- _Data excerpt_:
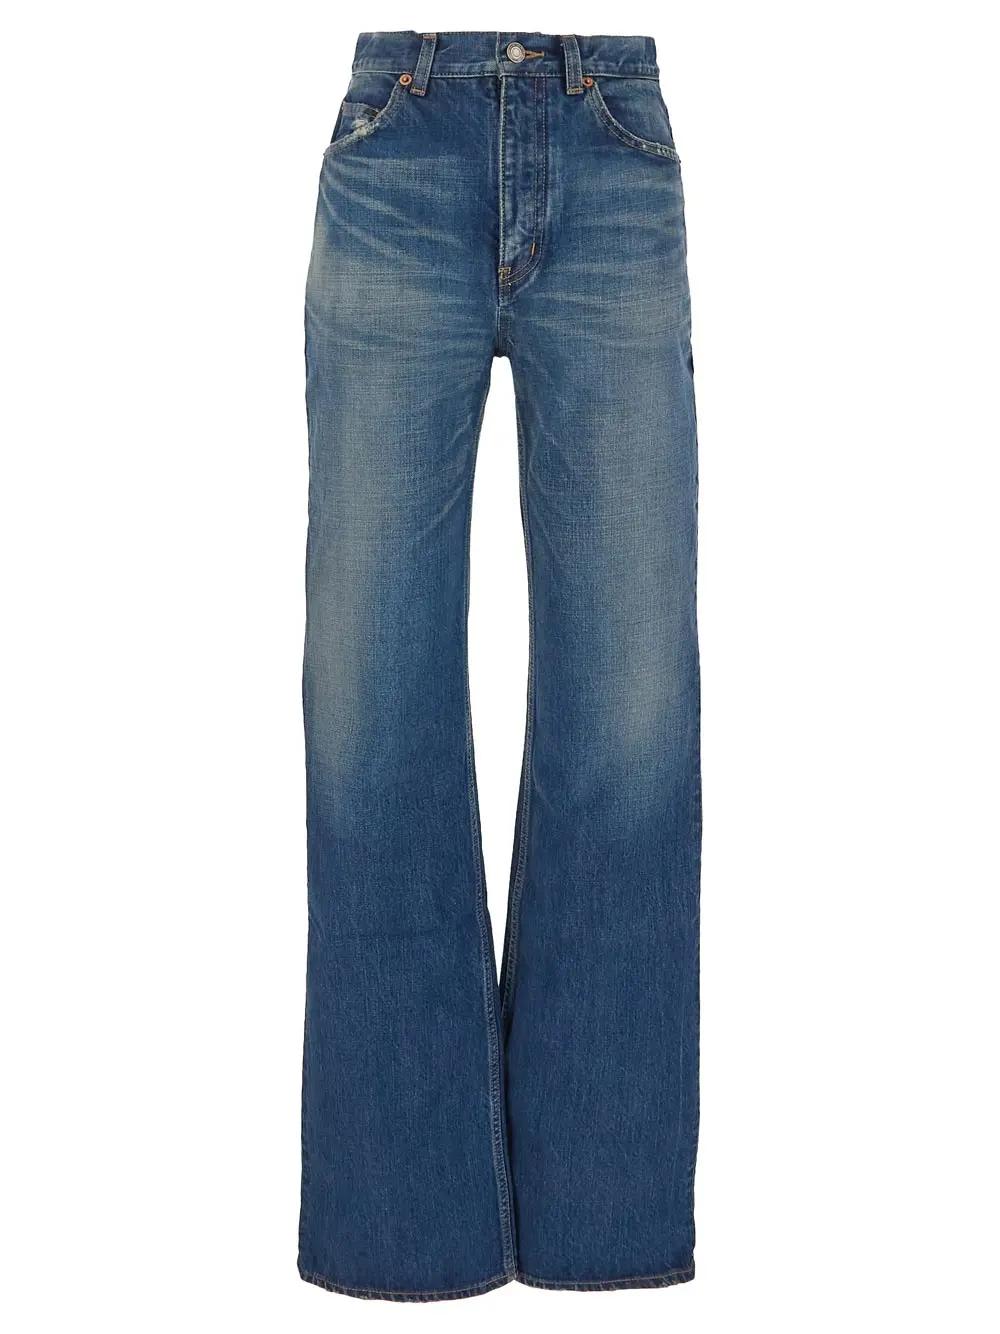 Saint Laurent 70s Jeans
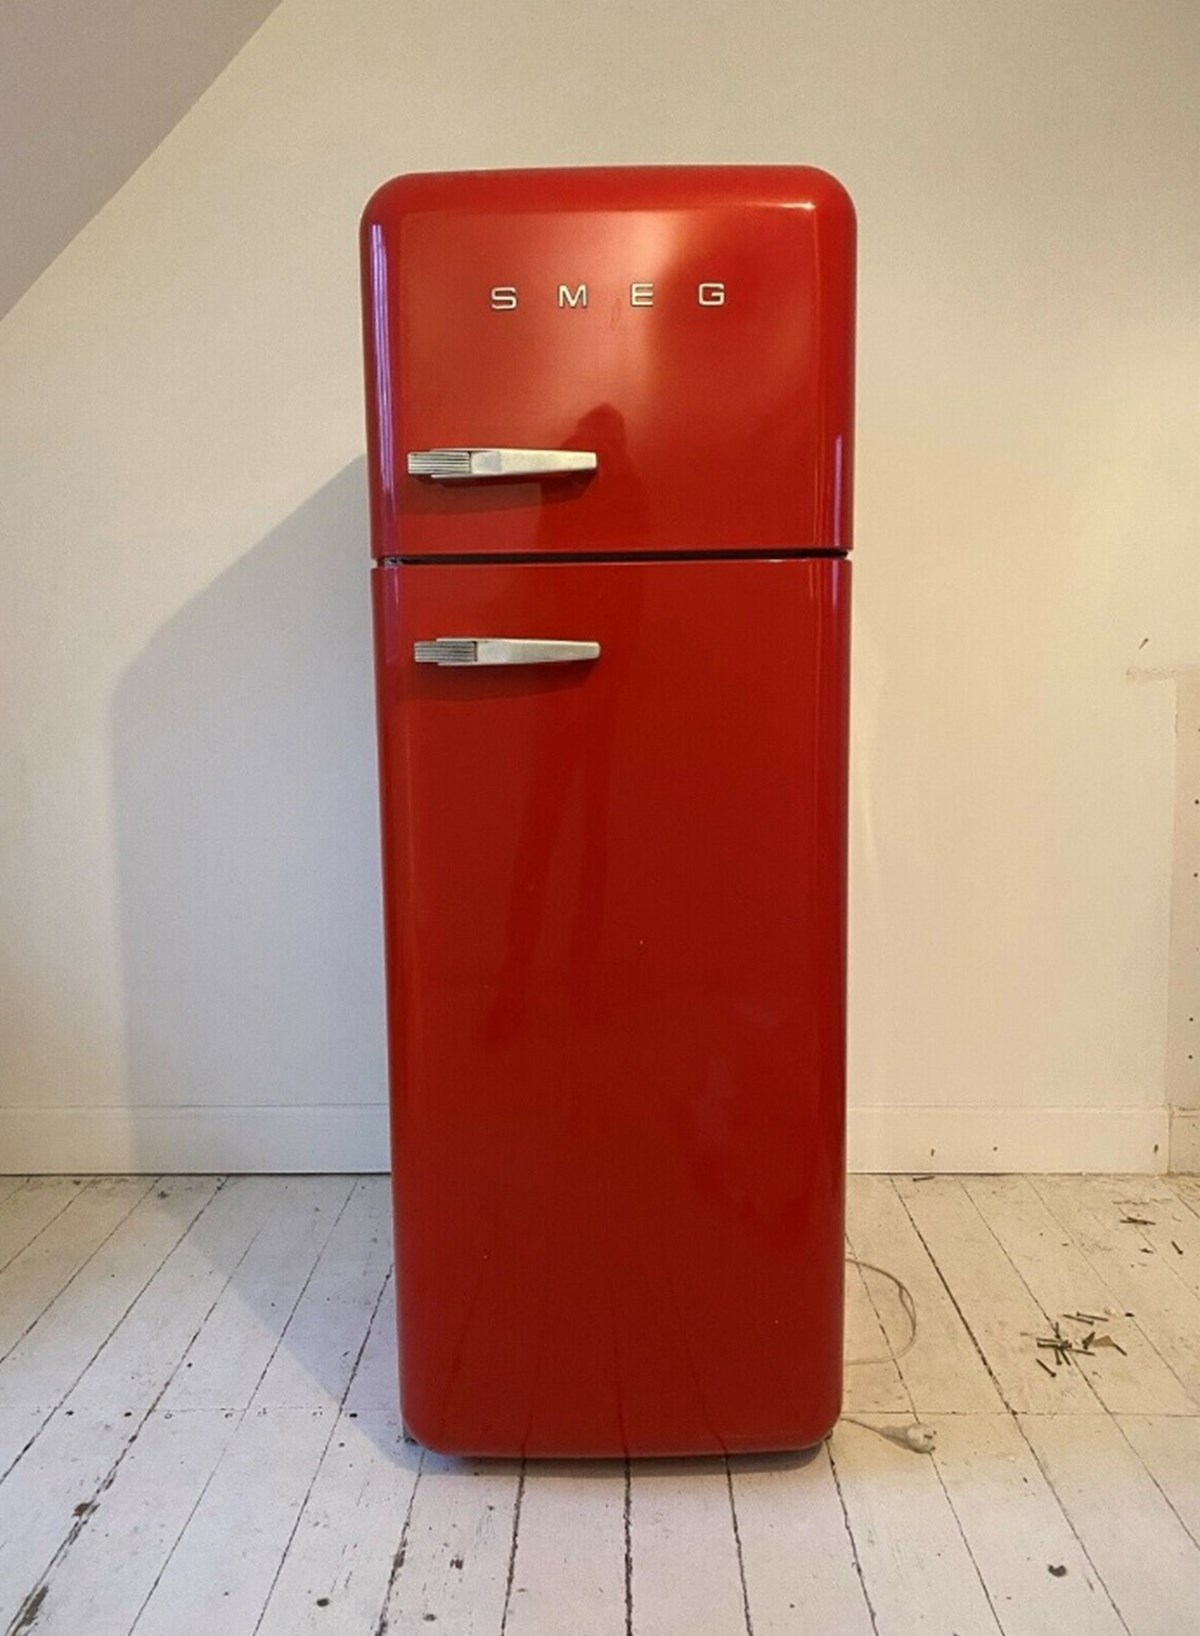 Vil du have smæk for skillingen, så køb et Smeg-køleskab på DBA. I skrivende stund er der 26 til salg på DBA, og dette røde kan blive dit for 2.500 kroner, hvis du tager til Nørrebro i København for at hente det. Her har Magnus-Matias nemlig til huse, og det er ham, der sælger køleskabet
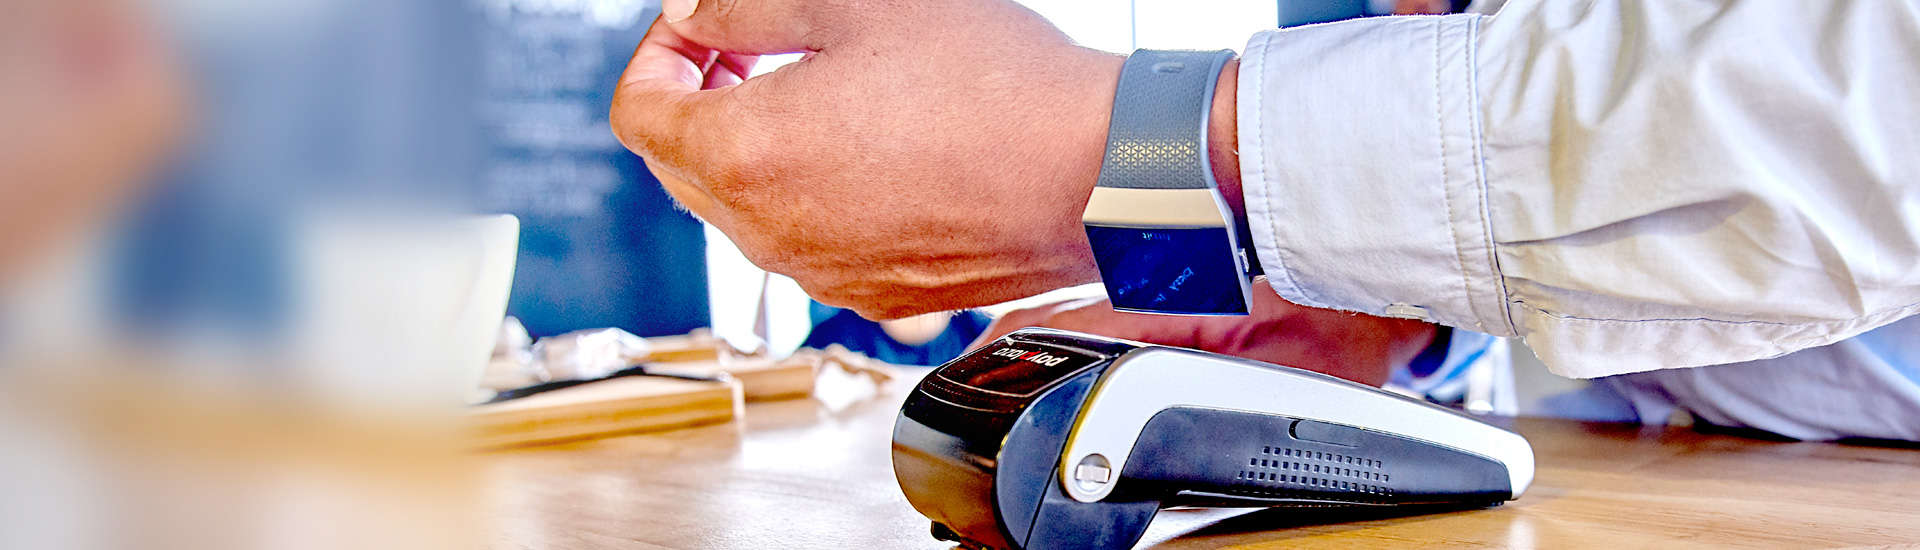 Uw digitale creditcard: betalen via smartwatch
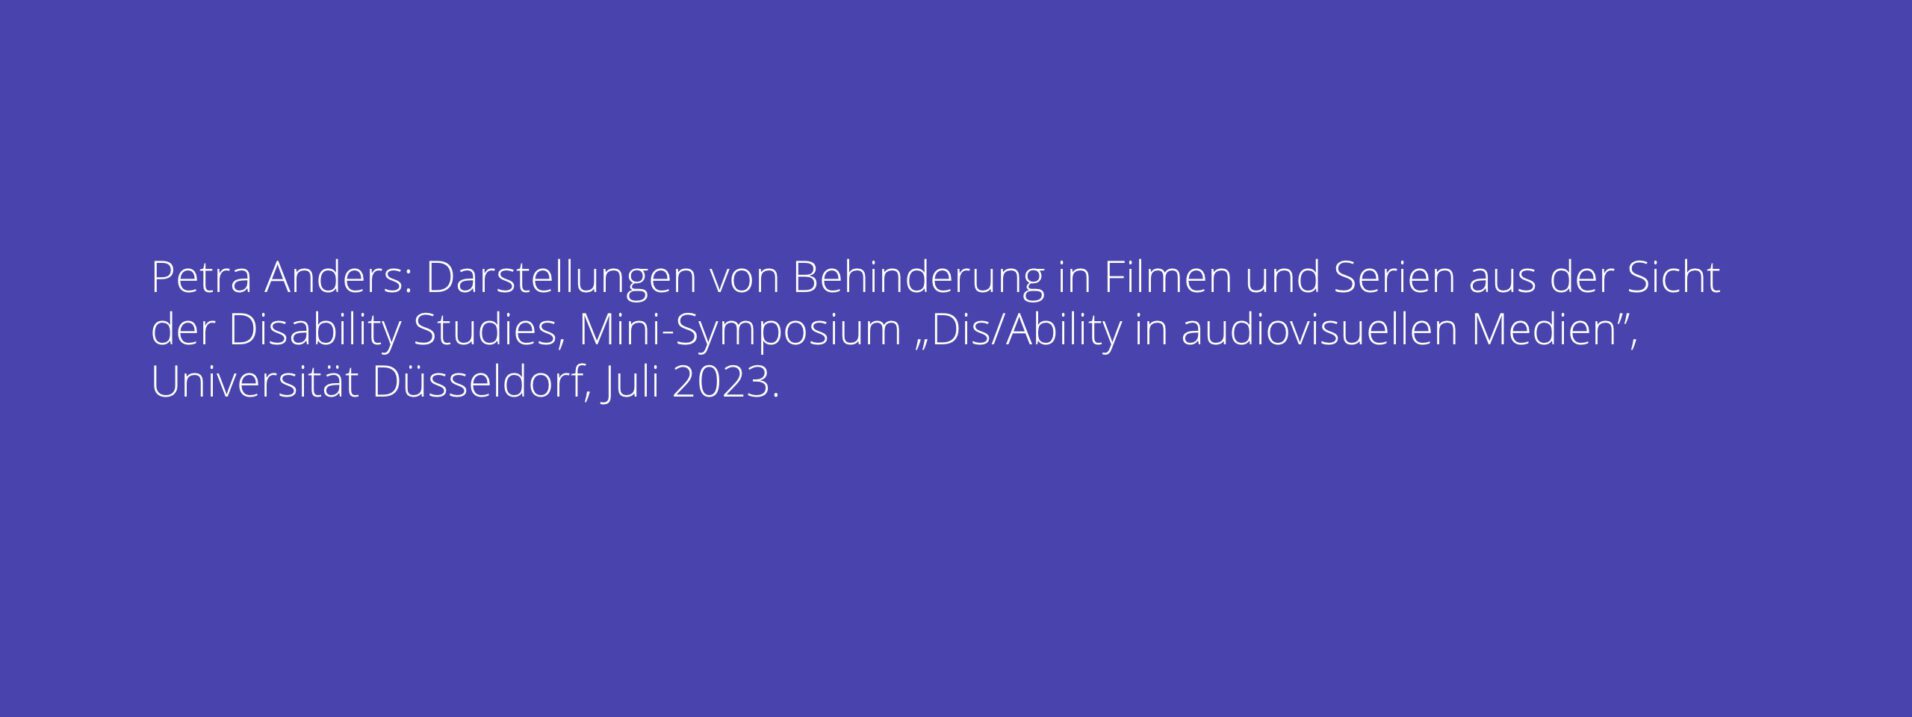 Petra Anders: Darstellungen von Behinderung in Filmen und Serien aus der Sicht der Disability Studies, Mini-Symposium „Dis/Ability in audiovisuellen Medien”, Universität Düsseldorf, Juli 2023.

- _Exercise_:
Copy exactly, and copy nothing else: the lines from the one containing "Uw digitale creditcard: betalen" through the end of the data, both ends included, with pictures left out.

- _Response_:
 Uw digitale creditcard: betalen via smartwatch
 Petra Anders: Darstellungen von Behinderung in Filmen und Serien aus der Sicht der Disability Studies, Mini-Symposium „Dis/Ability in audiovisuellen Medien”, Universität Düsseldorf, Juli 2023.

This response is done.